Wenn dein Körper zur Red Flag wird

Das letzte Mal, als ich es nicht gemerkt habe, bekam ich übrigens einen stressbedingten Hörsturz.

Anscheinend ist zumindest mein Körper inzwischen ein ziemlich deutliches Frühwarnsystem für zu viel Stress geworden.

Aber dazu wird es noch weitere Geschichten geben.

Was wir früh lernen – und später nicht mehr hinterfragen

Und von dem, was wir – vor allem wir Mädchen – schon im Kindergarten lernen, fange ich lieber gar nicht erst an.

„Wenn Jungs gemein sind, dann mögen sie dich.“

Ja klar.

Hier habe ich nach ungefähr 40 Jahren immerhin gelernt, dass das kompletter Bullshit ist. Aber das hat verdammt lange gedauert und brachte sehr viele Selbstzweifel und Kummer mit.

Kürzlich sah ich ein Interview eines prominenten Paares (inzwischen geschieden), in dem er Sätze sagte, die mir so unglaublich bekannt vorkamen – und sie hörte sich das mit genau dem gleichen Gesichtsausdruck an, wie ich damals.

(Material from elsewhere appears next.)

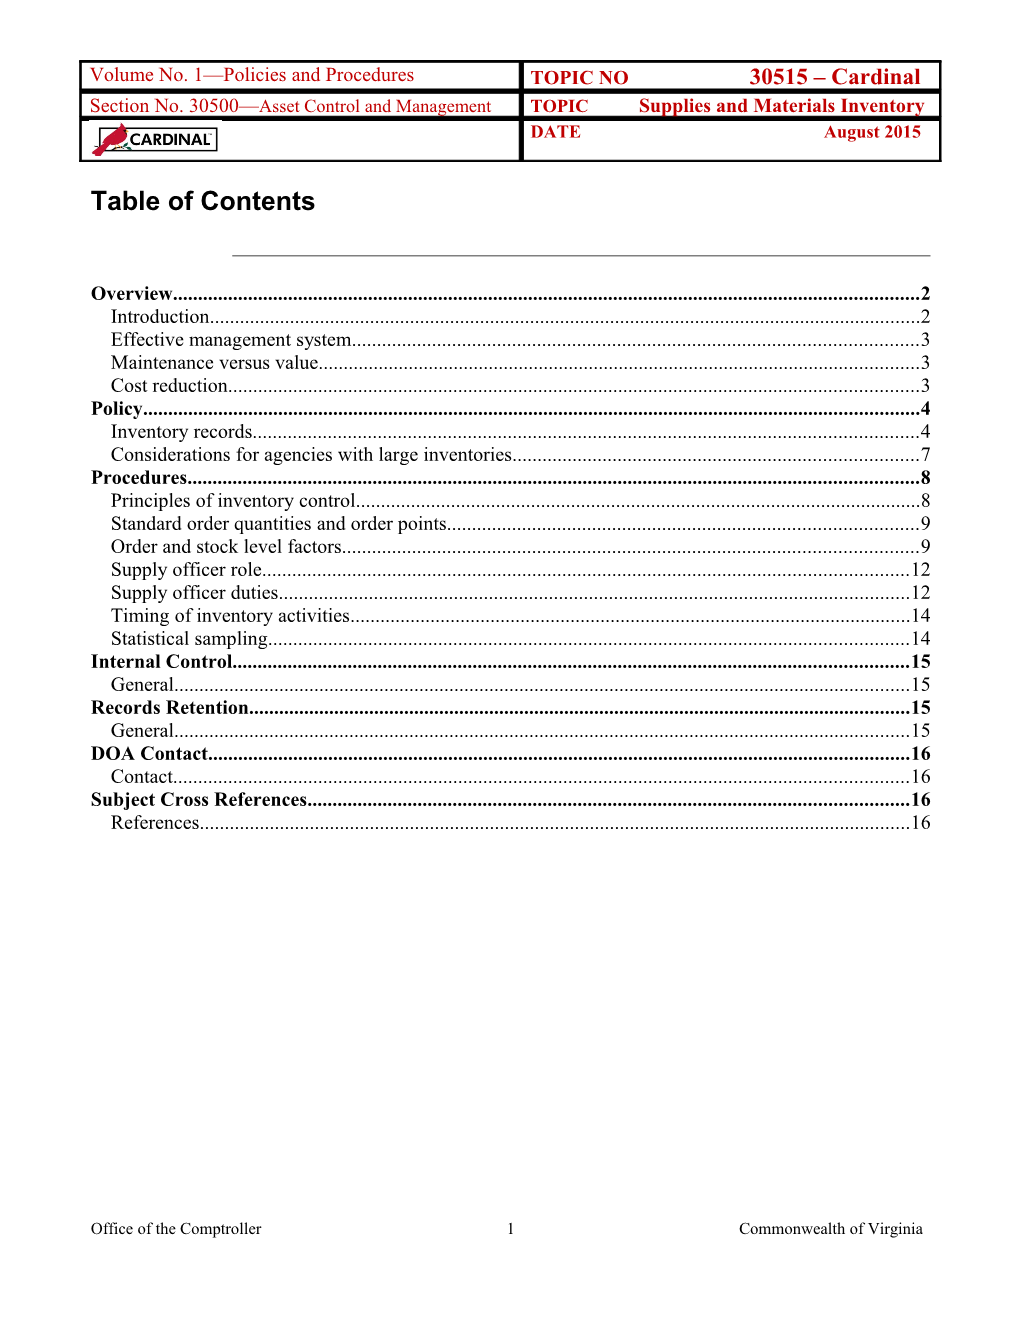 CAPP Manual - 30515 - Supplies and Materials Inventory

Aber das, was er sagte, war einfach nur gemein.

Und ganz ehrlich:
Niemand, der einen anderen Menschen wirklich mag, würde so mit ihm umgehen.
Niemand, der in dir einen „Diamanten“ sieht, verlangt Dinge, die dir nicht guttun.

Red Flags erkennen – worauf du achten kannst

Die Situationen, die du erlebt hast oder noch erlebst, können sich ganz unterschiedlich darstellen. Denn Red Flags sind nicht immer so dunkelrot, dass sie uns direkt ins Auge springen.

Deshalb nimm dir etwas Zeit und beobachte einmal ganz neutral:

👉 Wie sprechen Menschen mit dir?
👉 Wie verhalten sie sich dir gegenüber?

Und vor allem:

👉 Wie fühlt es sich in deinem Körper an?

Wenn es in deiner Brust enger wird oder du dich kleiner, unsicherer oder dümmer fühlst, dann könnte das eine Red Flag sein, natürlich kann sich ein Gefühl auch woanders in deinem Körper bemerkbar machen. Oft erkennen wir alle möglichen Warnzeichen viel besser mit unserem (Bauch)Gefühl, wenn wir wieder lernen darauf zu achten. Also lausche öfter mal in deinen Körper hinein, was er dir „erzählen“ oder zeigen will.

Vielleicht ist es genau das Signal, das dir zeigt, dass du dort „nichtbleiben“ solltest.

Vielleicht bist du nicht blind – sondern geprägt

Vielleicht geht es gar nicht darum, dass du diese Warnzeichen nicht sehen kannst.

Vielleicht hast du einfach gelernt, sie falsch zu interpretieren.

Und vielleicht ist genau das der Punkt, an dem Veränderung beginnt.